- Data for the task -

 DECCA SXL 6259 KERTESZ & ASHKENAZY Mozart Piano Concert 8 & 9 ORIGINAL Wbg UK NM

==

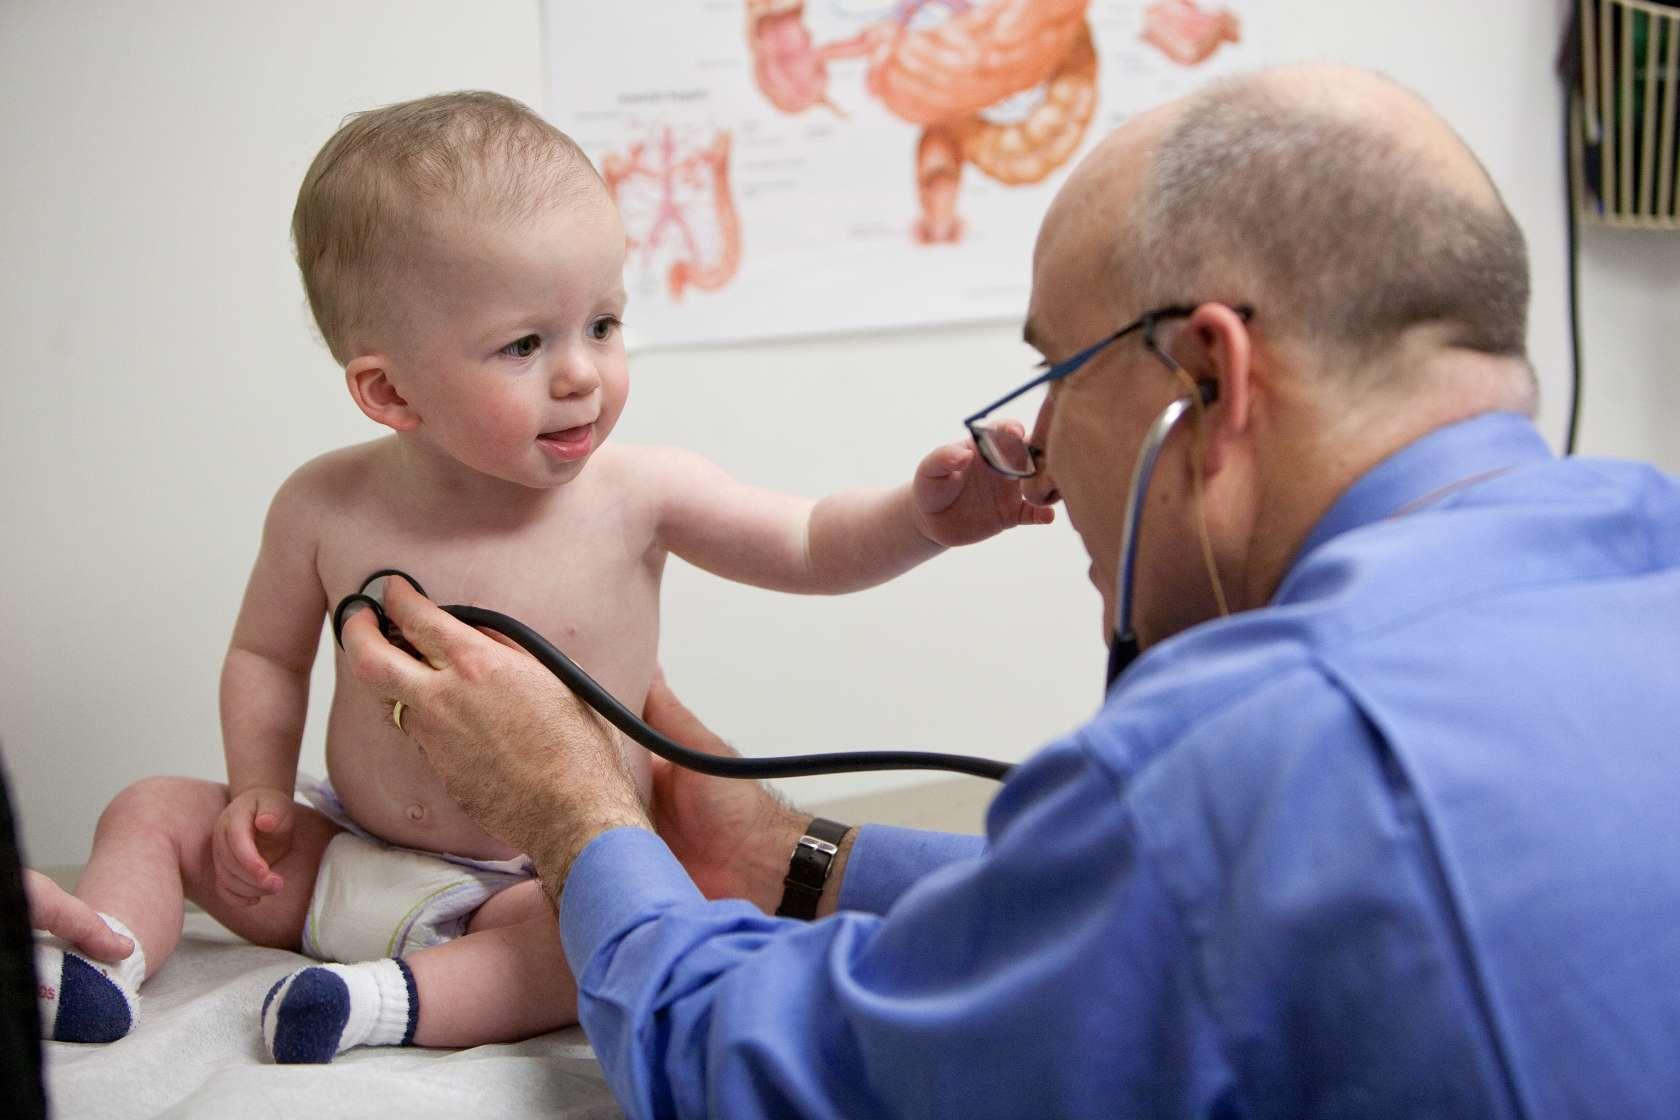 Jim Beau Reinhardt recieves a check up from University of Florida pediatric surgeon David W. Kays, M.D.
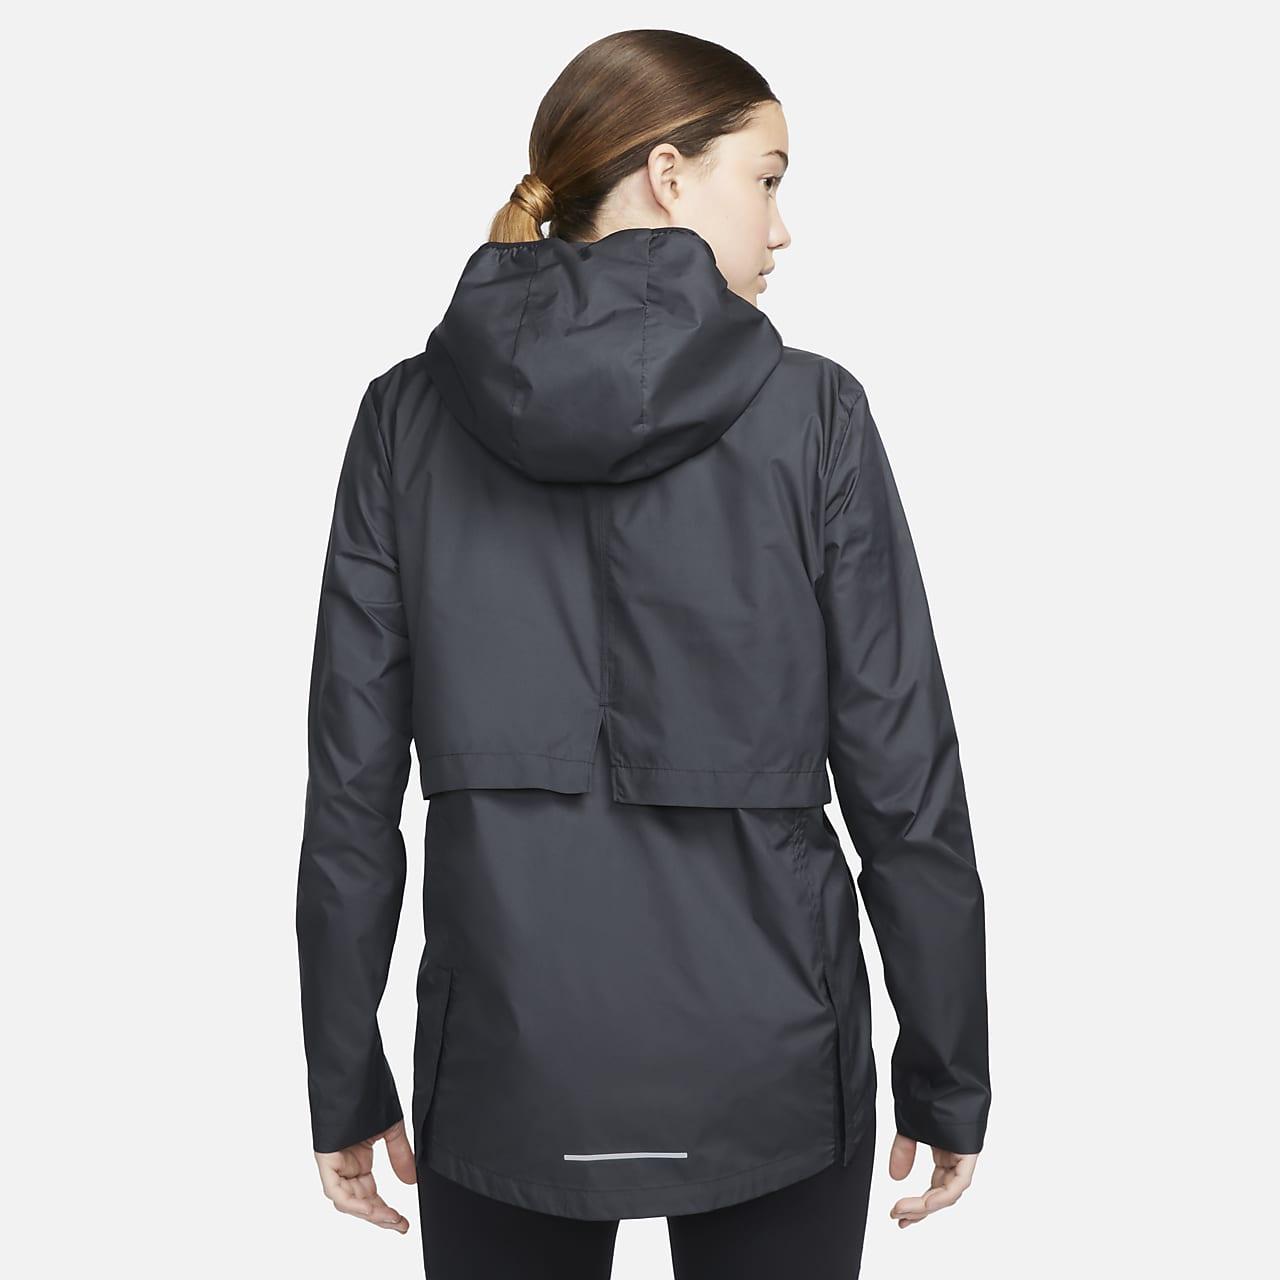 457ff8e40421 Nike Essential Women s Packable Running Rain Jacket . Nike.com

==

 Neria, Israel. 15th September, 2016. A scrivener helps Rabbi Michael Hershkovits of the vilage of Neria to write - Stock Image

- Task objective -
Having found the line with "Jim Beau Reinhardt" and the line with "457ff8e40421 Nike Essential" in the material above, write out exactly those two and every line between, leaving the pictures out.

- Task solution -
 Jim Beau Reinhardt recieves a check up from University of Florida pediatric surgeon David W. Kays, M.D.
 457ff8e40421 Nike Essential Women s Packable Running Rain Jacket . Nike.com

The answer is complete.